There was a myth many moons ago that the Vox TB tonestack was copied from an old Gibson design (GA-70 IIRC). The evidence for the theory was that a supposed error in the Gibson diagram (actual amp wiring differing from factory diagram) was carried over to the TB tonestack. The claimed "error" was the grounding of the bottom leg of the 1M bass control pot. It was also said that the "error" was the main reason for the interaction between the bass/treble controls of that AC30 TB tonestack - ie the last 10% rotation of the bass control causing a heavy dip in the mid range etc.

I think the error myth has since been buried. The grounding of the bass pot was indeed part of the intended design. However, for a couple of reason, I've been led back on the subject and I wonder about a couple of things:
1) would the tonestack/bass control work at all (to any useability) if the bottom leg of the bass 1M was not held to ground (there's still the 10k resistor)?
2) is the well known treble/bass interaction due to the bass pot grounding at all or is that just another myth?

Unfortunately Duncan's TSC doesn't have the ability to simulate the 1M bass pot disconnected from GND.



Any thoughts from people more knowledgable than me would be appreciated. Thanks.





Bill Mountain

You could raise the bass pot to something like 10M and only use the first 10% of the rotation.

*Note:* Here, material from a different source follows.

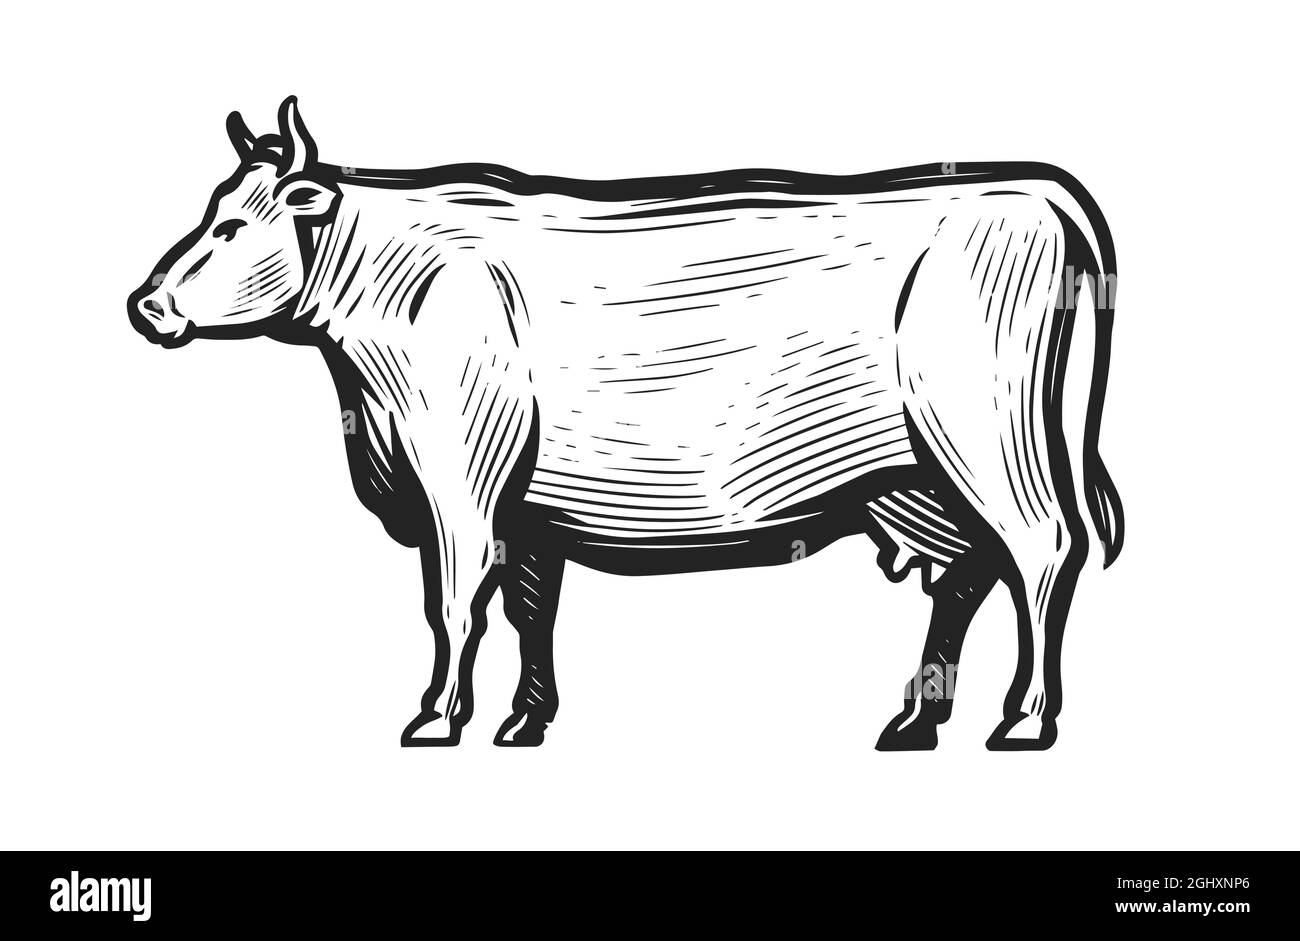 Hand-drawn sketch of cow isolated on white background. Side view ...

Or go here to create simple sims: falstad.com/afilter

lion

Thanks Bill
I guess raising the bass pot to 10M would simulate close to a ground disconnect  8)

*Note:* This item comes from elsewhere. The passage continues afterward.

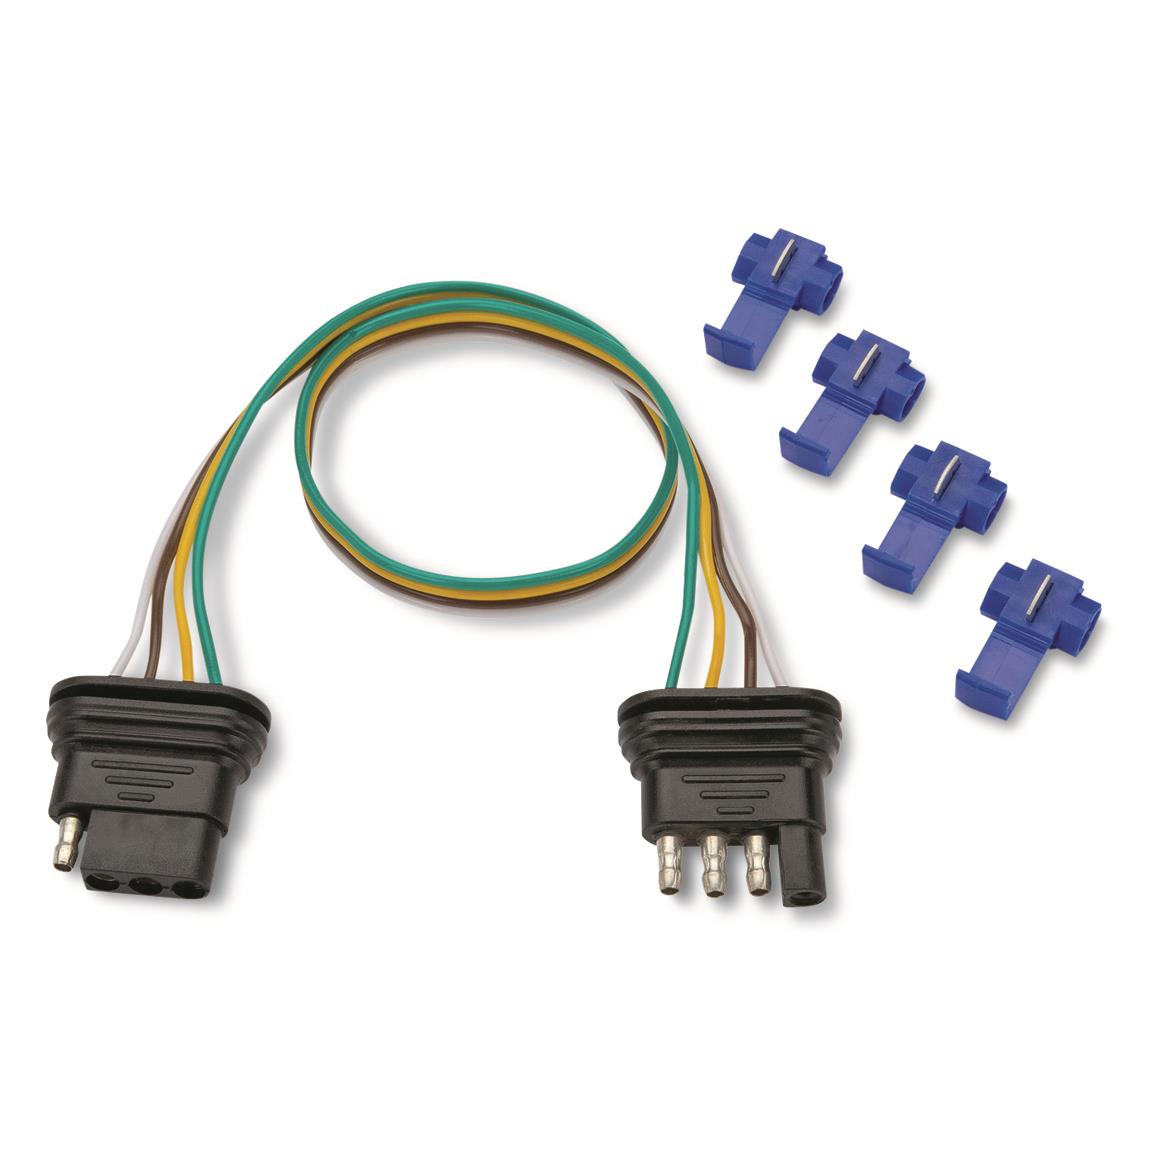 TowSmart 4-Way Flat Trailer Light Wiring Kit with Splice Connectors, 18"

I'm trying to understand the theory of how the complete TB tonestacks works, but I have a hard time wrapping my head around exactly what does what in the circuit and what causes the t-b interaction. Time for more study and read up.

Erik

lion

#3
Quote from: Bill Mountain on September 18, 2015, 08:24:17 AM
You could raise the bass pot to something like 10M and only use the first 10% of the rotation.

Spent a bit of time Duncan's Tonestack Calculator setting the bass pot value as 10 megaohms, and only using the first 10% of the available pot rotation.

Below are the resultant plots from Duncan's TSC for comparison. I've chosen 5 settings of the treble/bass pot - identical in both plots - giving 5 response curves in each plot. To the left for the standard/correct tonestack with the lower leg of the bass pot at GND, and to the right for the "disconnected ground" circuit version.

The 5 combinations of bass/treble settings are:
A: bass MAX - treble MAX
B: bass MIN - treble MIN
C: bass MAX - treble MIN
D: bass MIN - treble MAX
E: bass 50% - treble 50%


It's clear that the plots for the B+D+E settings seems pretty close in both circuit versions (bass pot grounded or not), but A+C shows substantial differences.
To answer my own questions: The stack will work with the bass pot not grounded, but the "mid sucking quirk" only happens to the full degree with the bass pot grounded.

EDIT:
I also notice that with the bass pot disconnected from GND the HF from about 5kHz keeps flat even with the treble at MIN.